With these four strategies, any business can put their wellness program on a path to success.

You need a wellness committee. A wellness committee is a group of employees who are involved in assessing your company’s wellness needs, evaluating wellness vendors, determining a wellness strategy, and helping to execute that strategy. A wellness committee should consist of a diverse group of employees who will serve as representatives for the rest of your employees.

Give your employees a voice and leverage this committee for key wellness decisions. Developing wellness through group consensus will lead to a more successful program, better alignment with your employees’ preferences, and higher engagement.
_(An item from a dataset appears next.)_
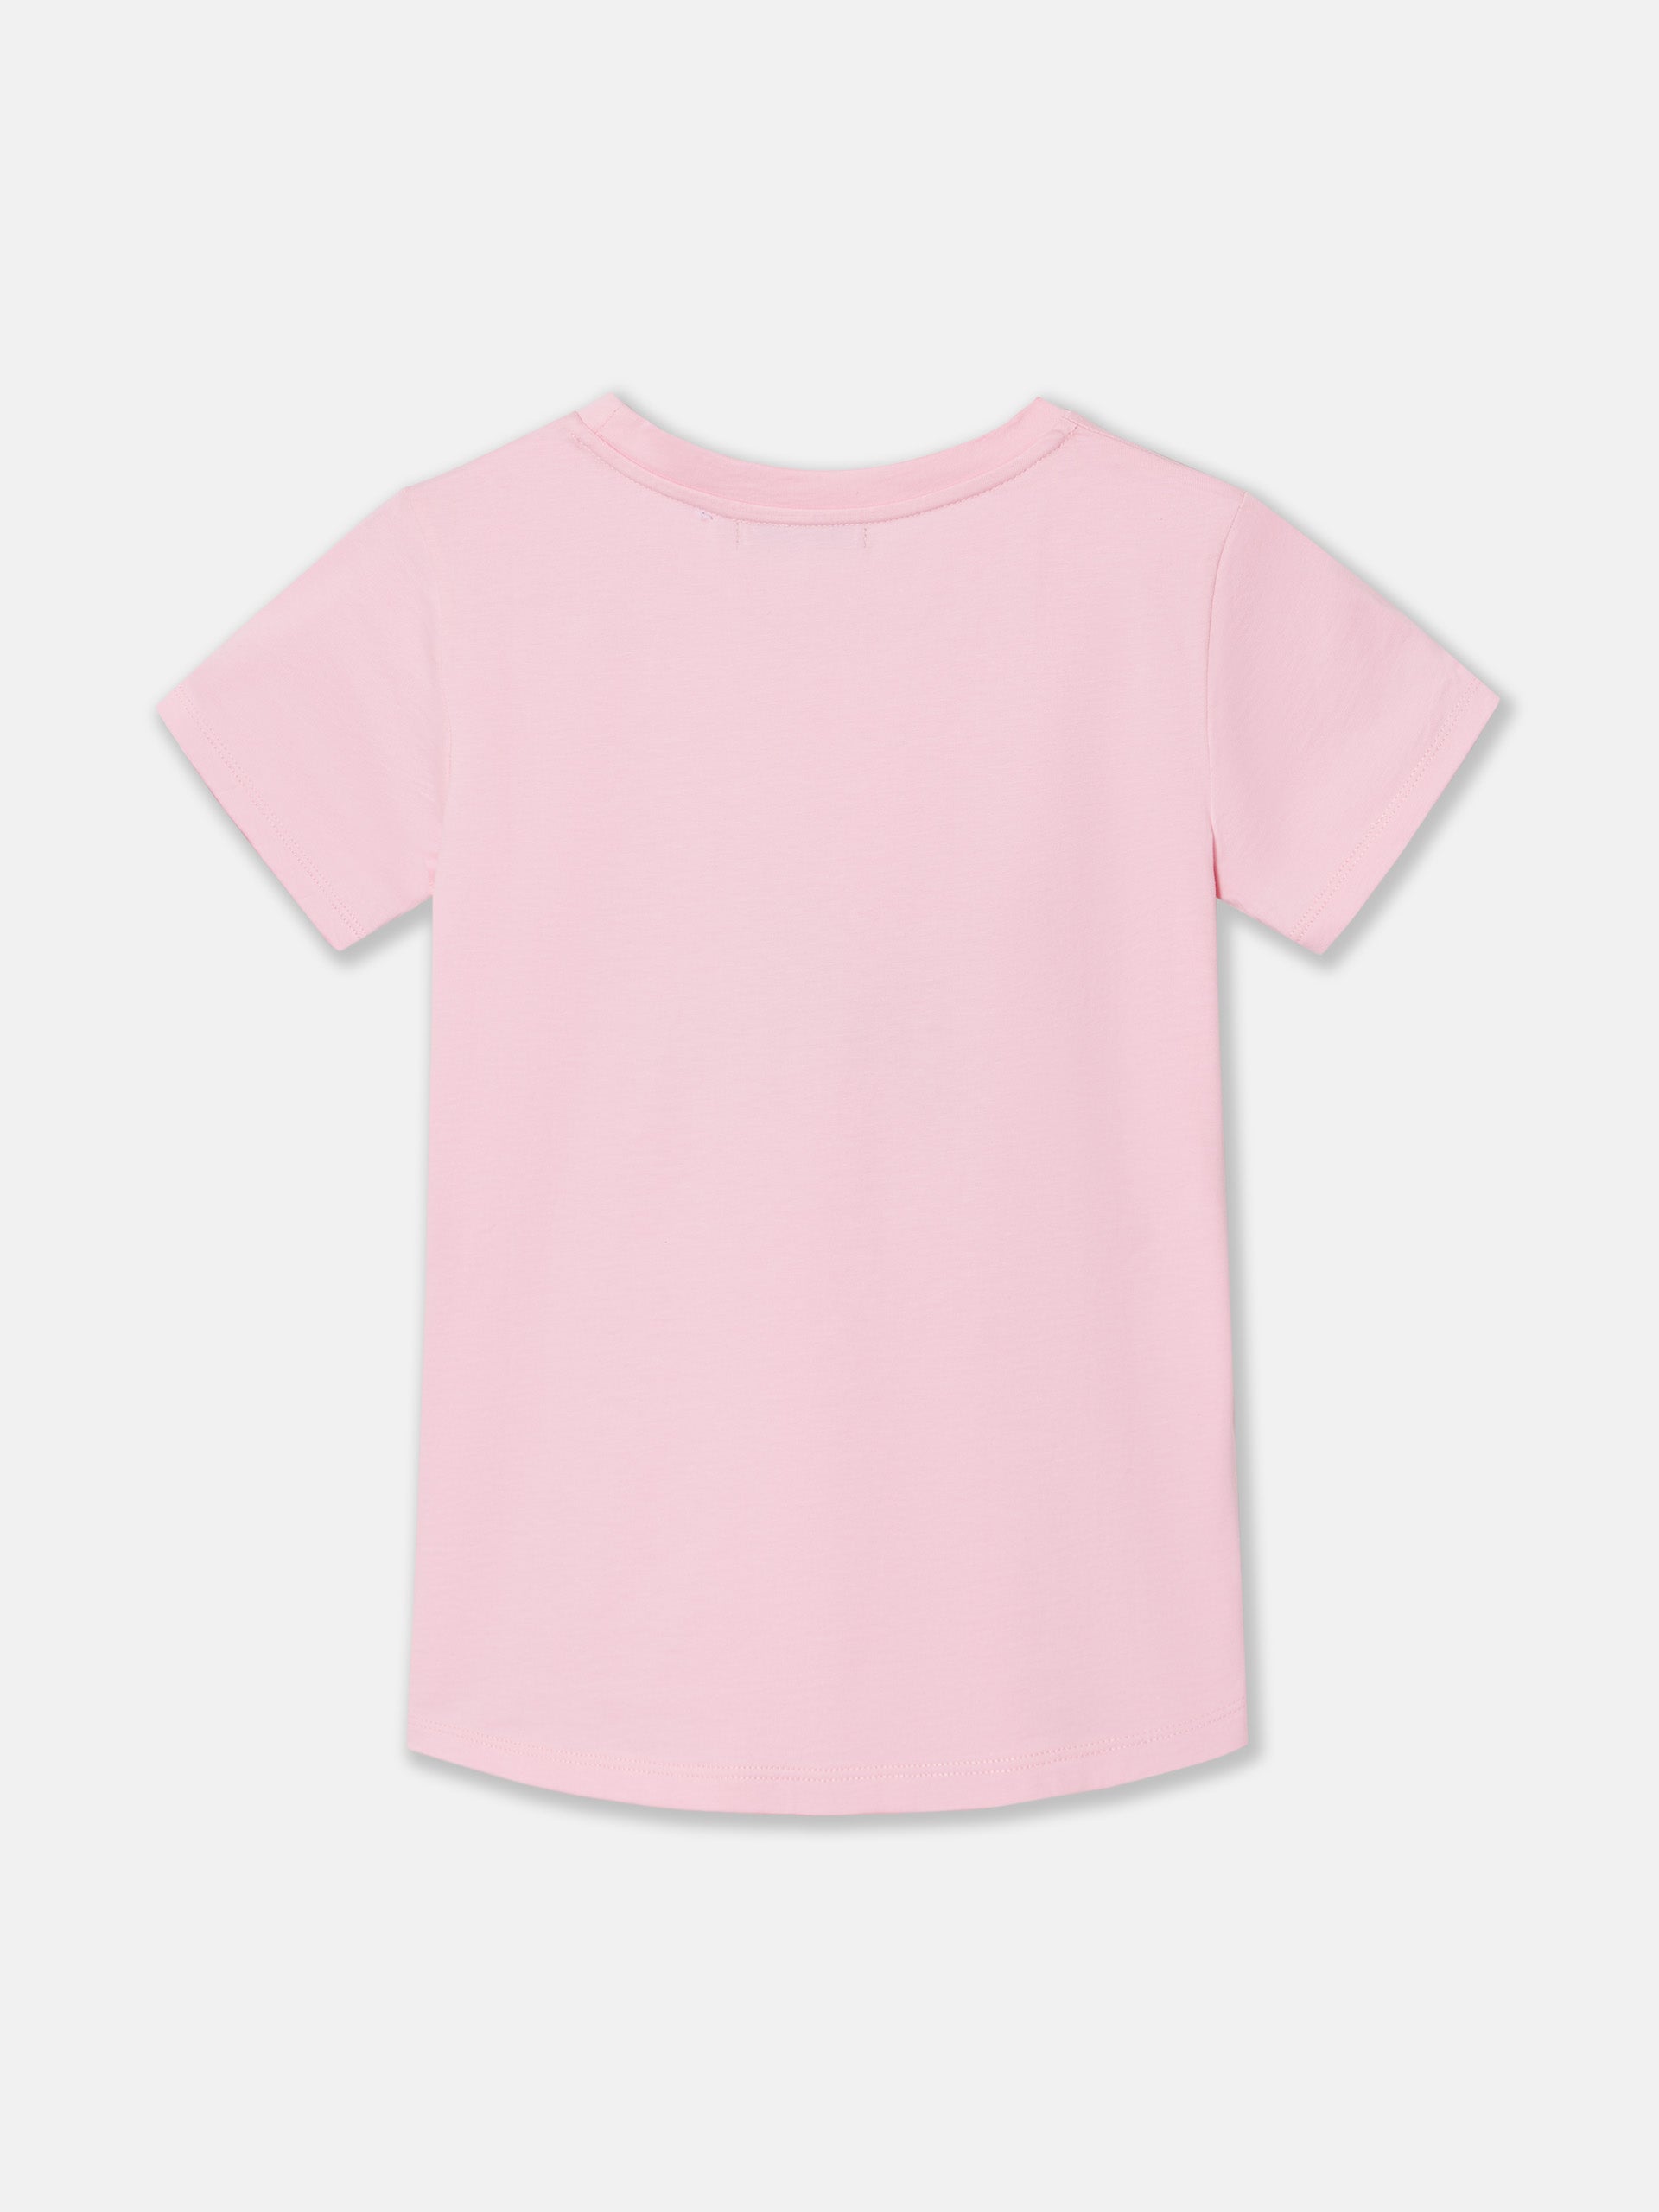 Camiseta woman clasica rosa

Your wellness program needs a champion. The wellness champion is the person who is going to advocate for wellness within the walls of your company. This person believes that wellness is an essential component of company culture and is personally willing to devote time and effort to make the wellness program successful. Every organization has someone who believes in the importance of wellness and is motivated to help promote a culture of wellness. Leverage your champion’s passion, enthusiasm, and leadership to build a contagious culture of wellness.

The champion role often falls, sometimes reluctantly, on a human resources manager. The HR manager may be responsible for overseeing wellness programming and wellness strategies, but the role of internal champion doesn’t need to be restricted to the human resources department or to senior leadership. The right wellness champion will promote wellness out of pure passion and not because it’s a job responsibility.

Chief Support
Your company’s senior leadership must fully support and promote a culture of health and wellness. Senior leadership must embrace the spirit of the program and enable others to maximize their participation.
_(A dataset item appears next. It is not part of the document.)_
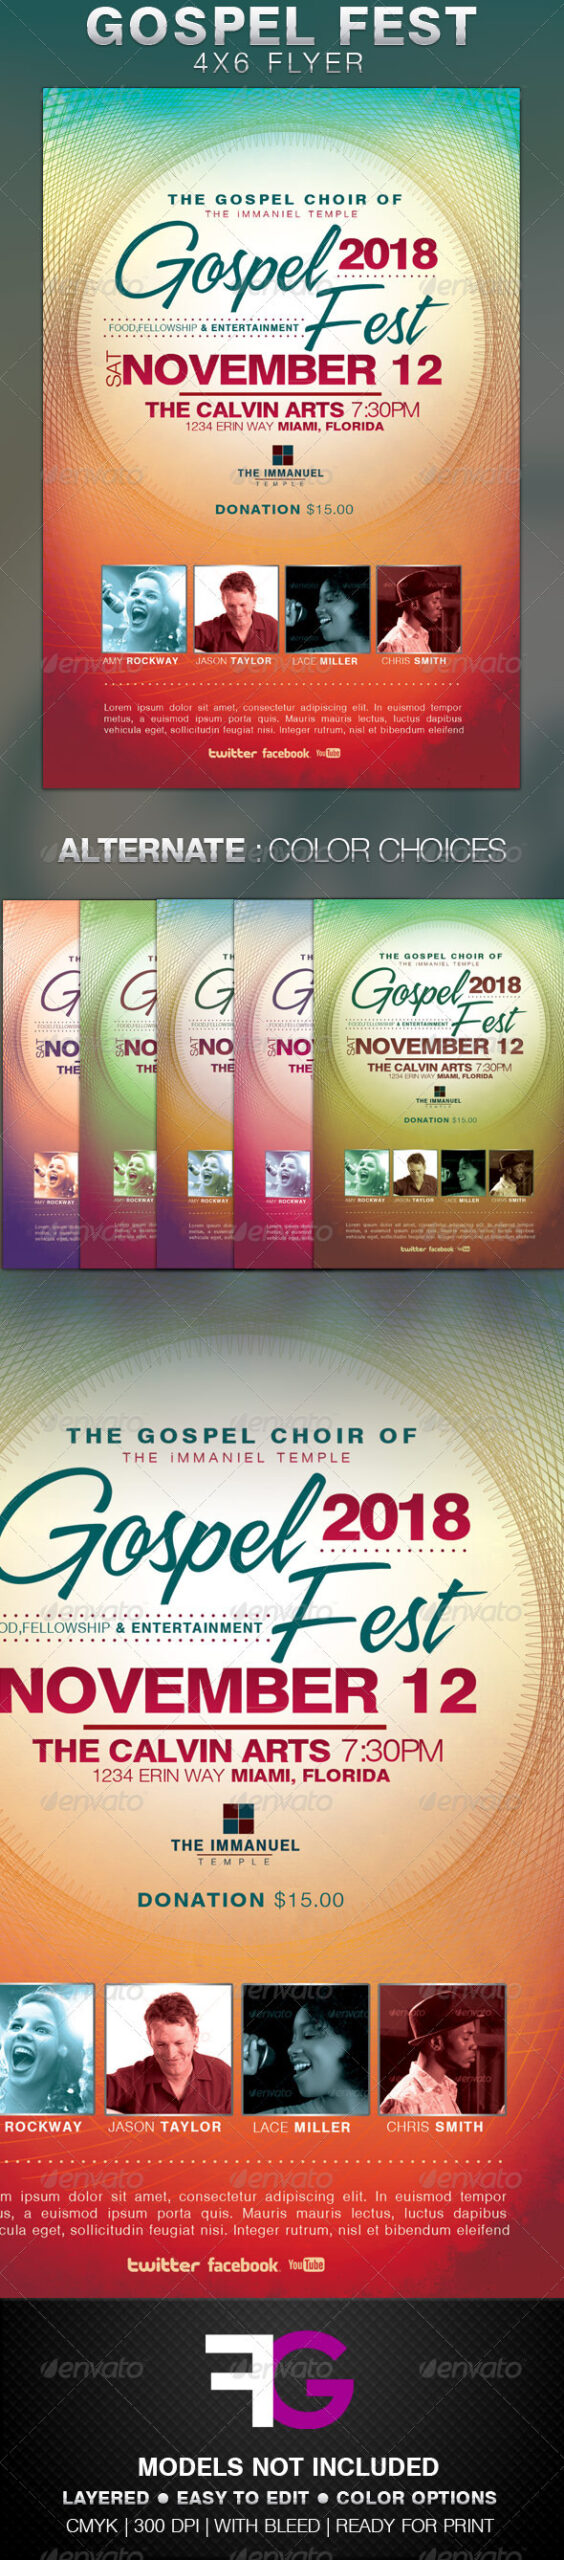 Gospel Concert Flyer Graphics, Designs & Templates With Gospel Flyer Template

Employees must see that senior leadership views wellness as a high priority and a critical component of the company’s strategic vision. For example, company leaders can demonstrate their commitment to the program by hosting and encouraging walking meetings. Once senior leaders set the example, employees will feel more comfortable following their lead.

Senior leaders also can include wellness participation as a key performance indicator when reporting on the success of the company (e.g., quarterly bookings, profitability, etc.). This will clearly highlight the importance of wellness in a way that is visible to all employees.
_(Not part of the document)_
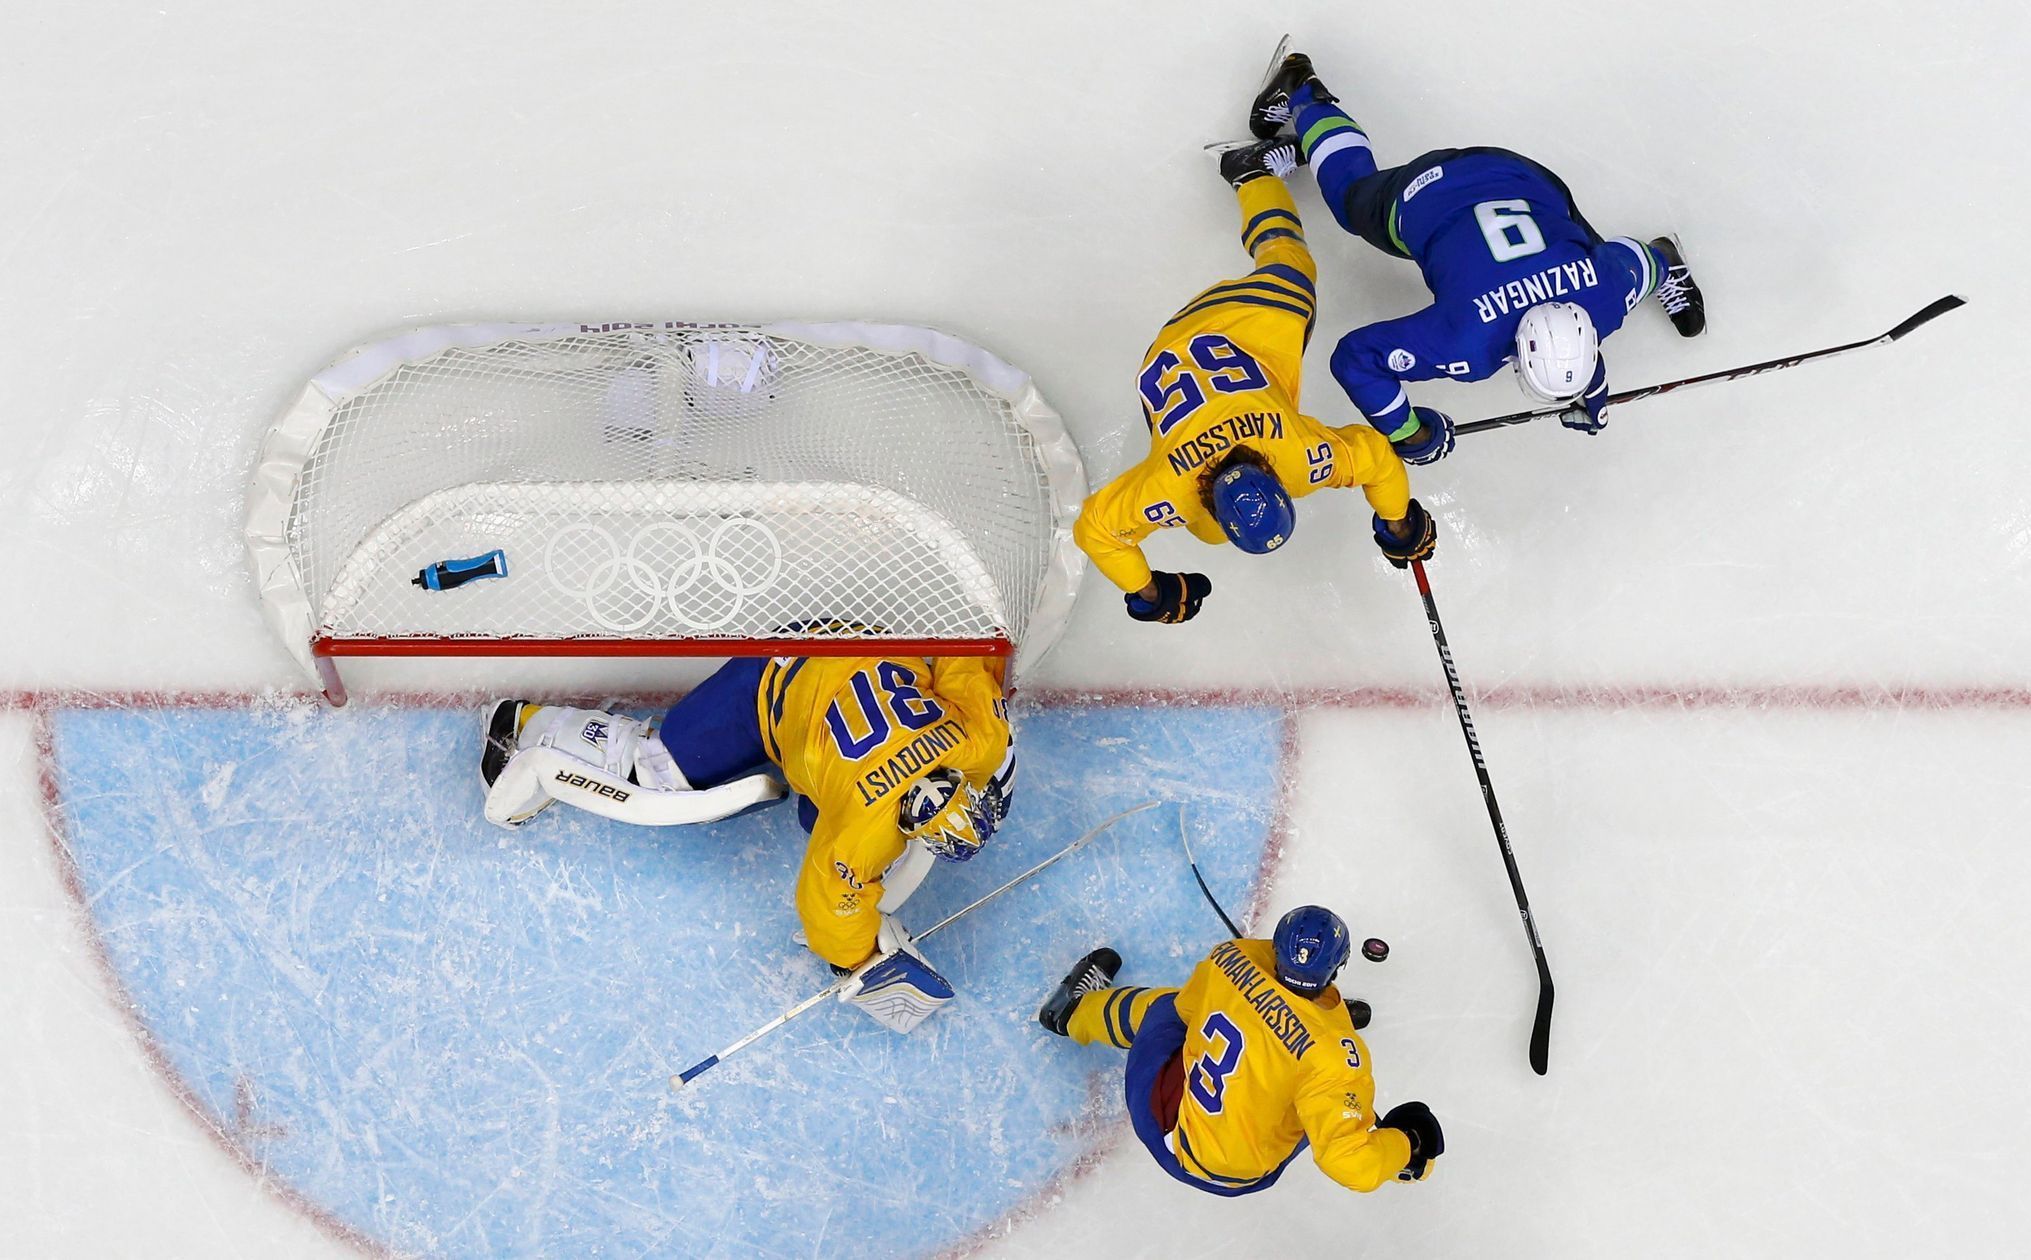 Soči 2014: Švédsko - Slovinsko, Razingar, Karlsson, Larrson (hokej, muži, čtvrtfinále 1)

If your employees aren’t aware of your program AND the benefits of wellness, they aren’t going to participate. You need to communicate about wellness early and often.

Before the program begins, employees should be aware of the benefits of wellness, the specifics of how the program works, and why your company is promoting wellness. Every employee is unique so using multiple modes of communication (emails, flyers in the kitchen, etc.) achieves the best results.

Wellness communication needs to occur frequently as there are employees who may want to start participating in the middle of the program or may have missed prior communications. Keeping communication frequent ensures that employee engagement remains high; the belief that engagement will lessen as a program matures is a myth, and the primary driver for this common occurrence is poor and infrequent communication after a wellness program has been launched.